D’ailleurs, il y a sans doute plusieurs rats. C’est un animal grégaire, en général.
En observant le rongeur qui s’affairait à dénicher quelque chose à becqueter, des idées ont germé dans son esprit. Effrayantes.
S’il arrivait à le choper, il pourrait le bouffer.
Ça y est, ses gènes civilisés s’atrophient. Lentement mais sûrement.
Bientôt, il songera peut-être à dévorer Lydia. Heureusement qu’elle est inaccessible…
Mais il n’est pas encore tombé si bas.
Il espère qu’il n’atteindra jamais ces extrémités, même en pensée.
Qu’on le sortira de là avant.
Ou qu’il crèvera avant.
Si seulement il pouvait se donner la mort… Mais comment ?
Aujourd’hui, temps gris. Pas de soleil pour lui indiquer l’heure du déjeuner qu’il ne mangera pas.

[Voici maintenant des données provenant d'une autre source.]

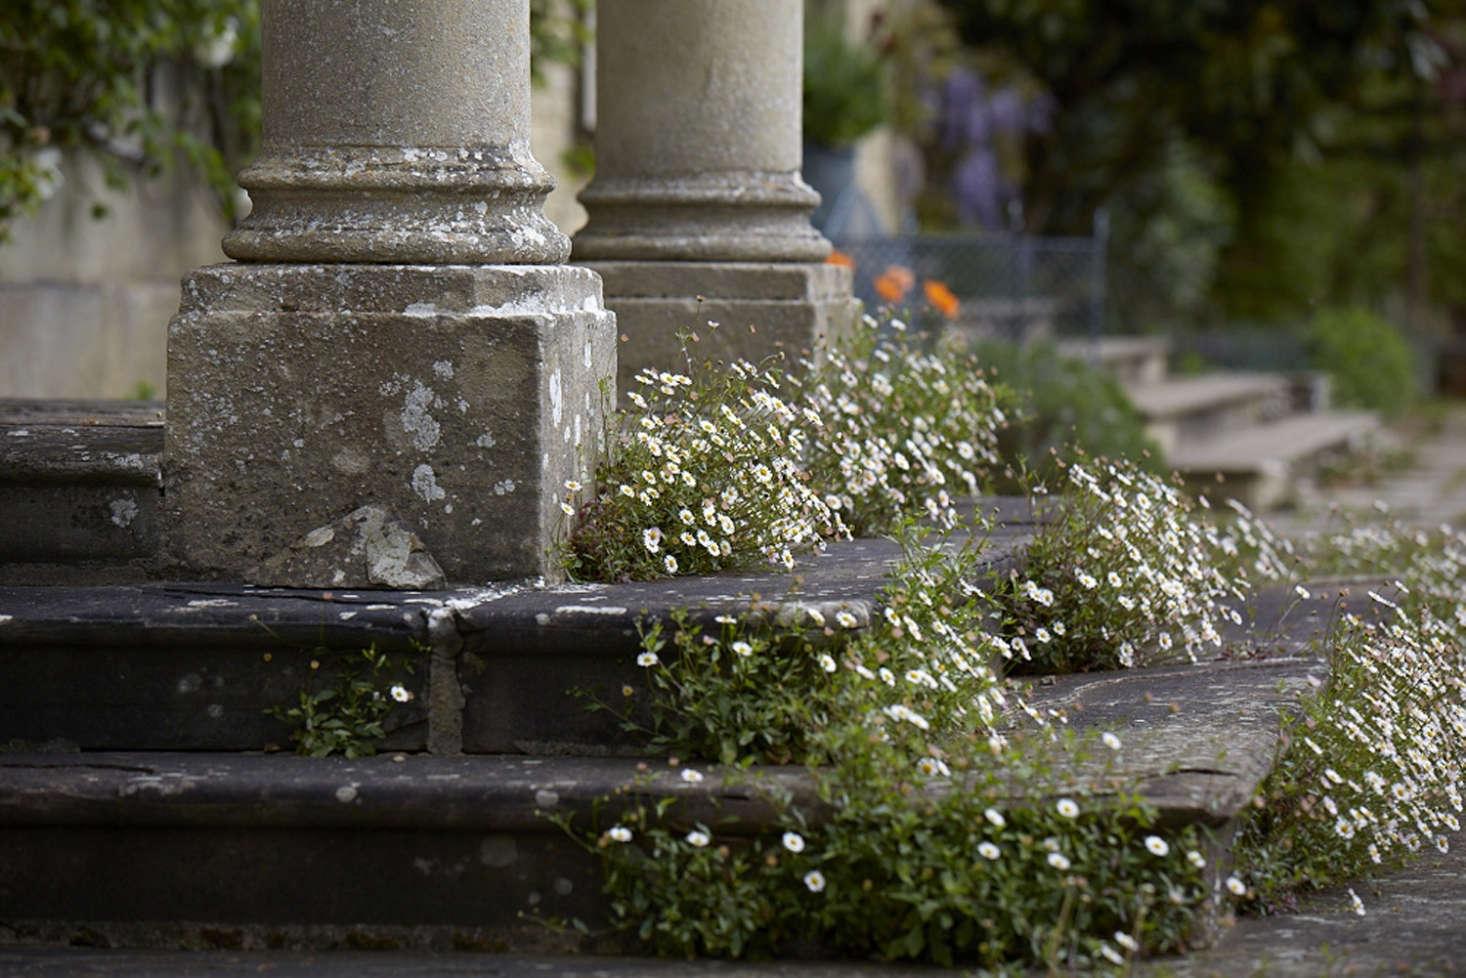 沙恩·斯通在佛罗伦萨的一层,然后把它放在佛罗伦萨的古普提亚的专栏中。来自维特纳·维斯顿的照片。

Il s’oblige à quelques mouvements, de son bras et de sa jambe encore valides.
Et soudain, une nouvelle angoisse l’étreint.
Lorsqu’ils me retrouveront, à quoi je ressemblerai ? Pas lavé, pas rasé, une dizaine de kilos en moins… Si Gaëlle me voit dans ce pitoyable état, elle ne m’aimera peut-être plus ? Mon fils aura sans doute peur de moi…
Bizarre de s’inquiéter pour ça.
Parce que peut-être qu’ils le retrouveront à l’état de squelette.
Ce qui réglera définitivement ce léger souci de coquetterie.
Centre hospitalier Saint-Jacques de Besançon, service de cardiologie, 13 h 30
Comme la plupart des gens, Fabre, hypocondriaque de surcroît, déteste les hôpitaux.
Par mesure de précaution, il a demandé au chef de service, petit gringalet arrogant et atrabilaire, l’autorisation d’interroger Mme veuve Guichard, qui a survécu à un infarctus du myocarde. Vingt minutes, pas plus ! a concédé le nabot acariâtre.
Auguste cherche donc la chambre 307, en évitant de respirer trop fort, des fois qu’il chope un des miasmes qui s’épanouissent pleinement dans ces couloirs, jusqu’à en devenir indestructibles… S’il avait osé, il aurait demandé au chirurgien de lui prêter un de ses masques !
Il frappe trois coups contre la porte, n’obtient aucune réponse. Normal, la télé beugle à tue-tête ; Les Feux de l’amour, cette éternelle série qui ne disparaîtra des écrans qu’après une catastrophe nucléaire mondiale.
Il y a deux lits dans la 307. Deux mamies scotchées à la lucarne. Et qui, soudain, dévisagent de leurs petits yeux perçants cet inconnu qui ose profaner leur territoire à une heure indécente.
— Bonjour, mesdames. Excusez-moi de vous déranger… Je cherche Mme Guichard…
L’occupante du lit fenêtre se redresse légèrement.
— C’est moi…
Il s’approche, tout sourire, brandissant sa carte marquée aux couleurs rassurantes de la nation française.
— Bonjour, madame, je suis le commandant Auguste Fabre, police judiciaire…
A son air, il comprend qu’elle n’a pas entendu la tirade. La concurrence est rude avec la télé, il répète donc en haussant le ton.
— La police ?
— Oui, madame… Mais ne vous inquiétez pas, il n’est rien arrivé de grave…
— Ah…
— Euh… Pourrait-on baisser le volume de la télévision ? J’ai à vous parler…
Il n’attend pas la réponse, s’empare d’autorité de la télécommande, coupe la parole à une sorte de blondinet prépubère. Sacrilège.
La mamie côté porte le flingue du regard. Il feint de ne pas remarquer l’agression, pose la télécommande en lieu sûr.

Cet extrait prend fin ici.